Nunca había visto a su madre como una mujer, pero al parecer su cuerpo si la consideraba así. Su virilidad oprimida contra las nalgas de Elena, se había endurecido provocando en el joven sentimientos enfrentados. Era su madre, pero por otro lado el aroma de su cabello en el que había hundido el rostro y su mano sobre el vientre materno le habían despertado sensaciones nada maternales.

Introdujo una mano bajo el pijama comenzando a acariciar con la yema de los dedos el suave pezón, que rápidamente se endureció.

Elena emitió un suave gemido que logró emocionar a Xavi. “Cómo me gustaría que tuvieses algo bueno de verdad, tú te lo mereces más que nadie.”, reflexionó el joven posando tiernamente sus labios sobre la boca entreabierta de su madre.

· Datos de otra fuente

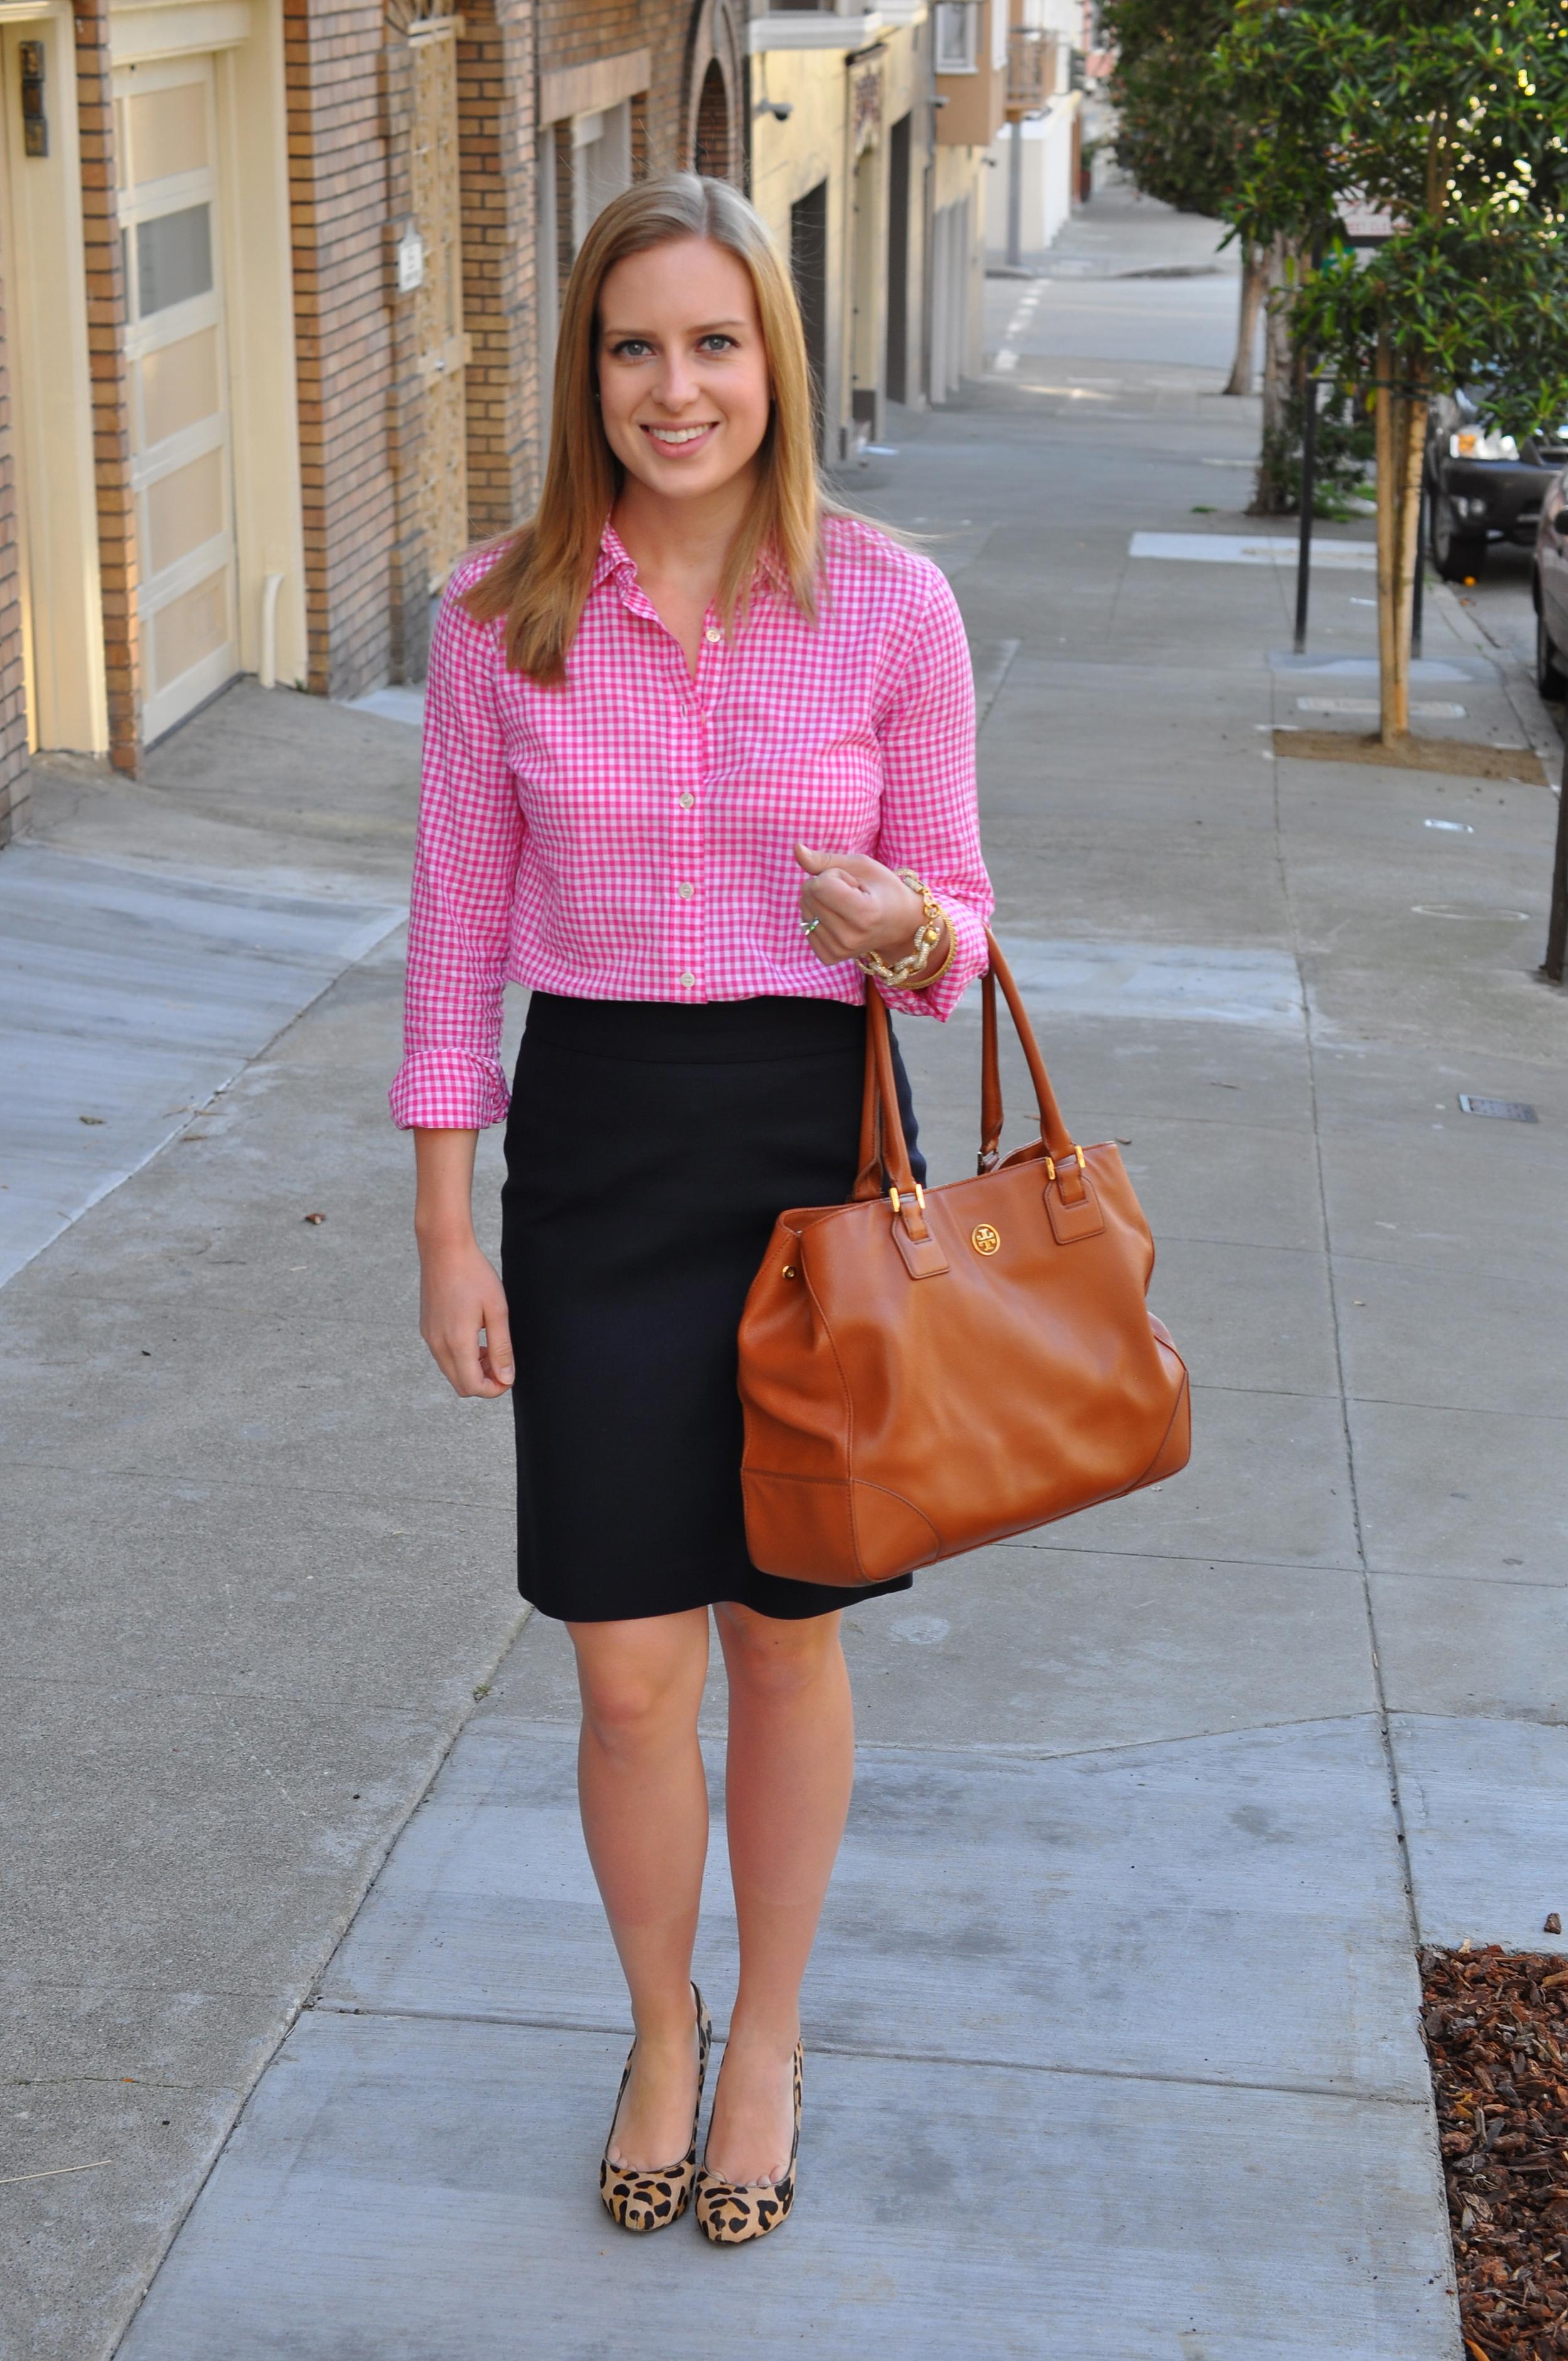 J. Crew shirt (similar), J. Crew skirt, Ivanka Trump heels (similar), J. Crew bracelet, J. Crew bangles, Tory Burch bag
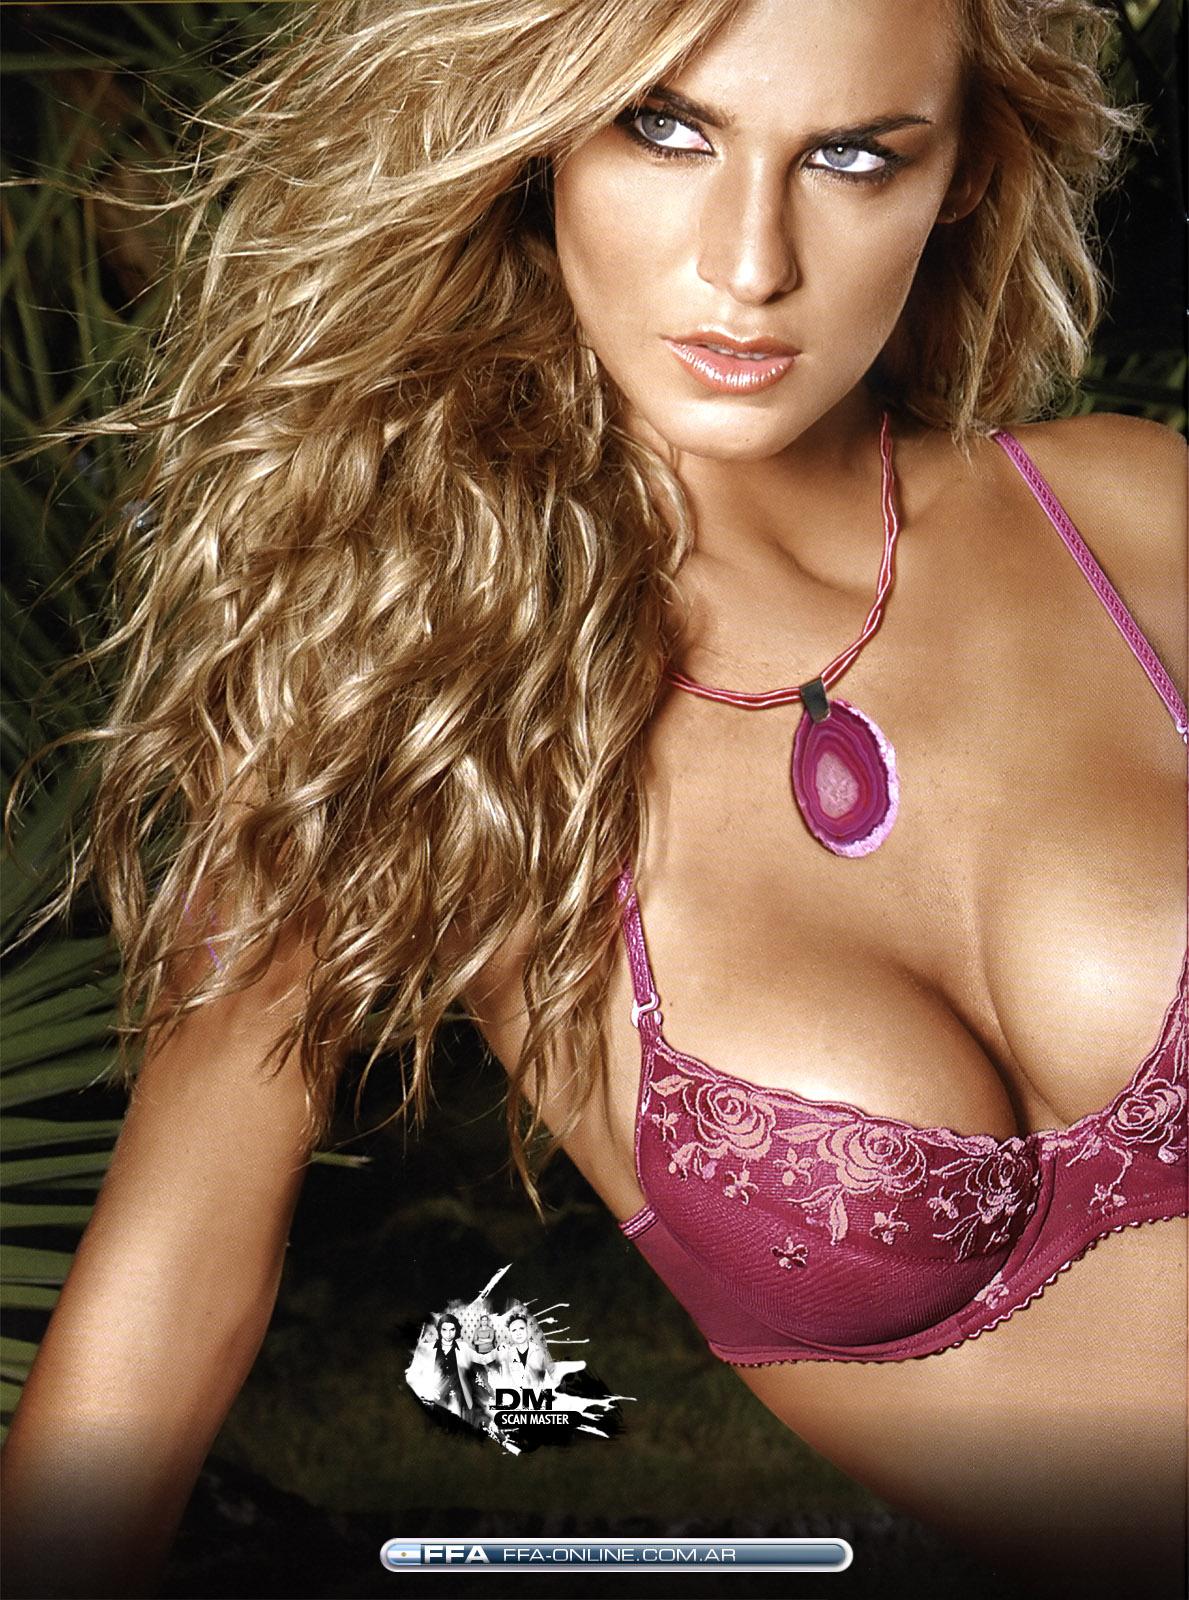 Sabrina Rojas in lingerie

—Te quiero –susurró rindiéndose al agotamiento, pero sin cesar en el abrazo protector.

----*

Hacía tiempo que Elena no se sentía tan radiante. La revelación de su nueva relación con su hijo y la paz interior que se había instalado en su corazón tras abrirlo de par en par, la tenían flotando. Tras aquella primera noche, la relación con Xavi se transformó poco a poco. Cada día eran más las veces que su hijo la llamaba para preocuparse por ella. Se sucedían las bromas y los mimos inocentes. Era como tener una pareja que la atendía y la cuidaba.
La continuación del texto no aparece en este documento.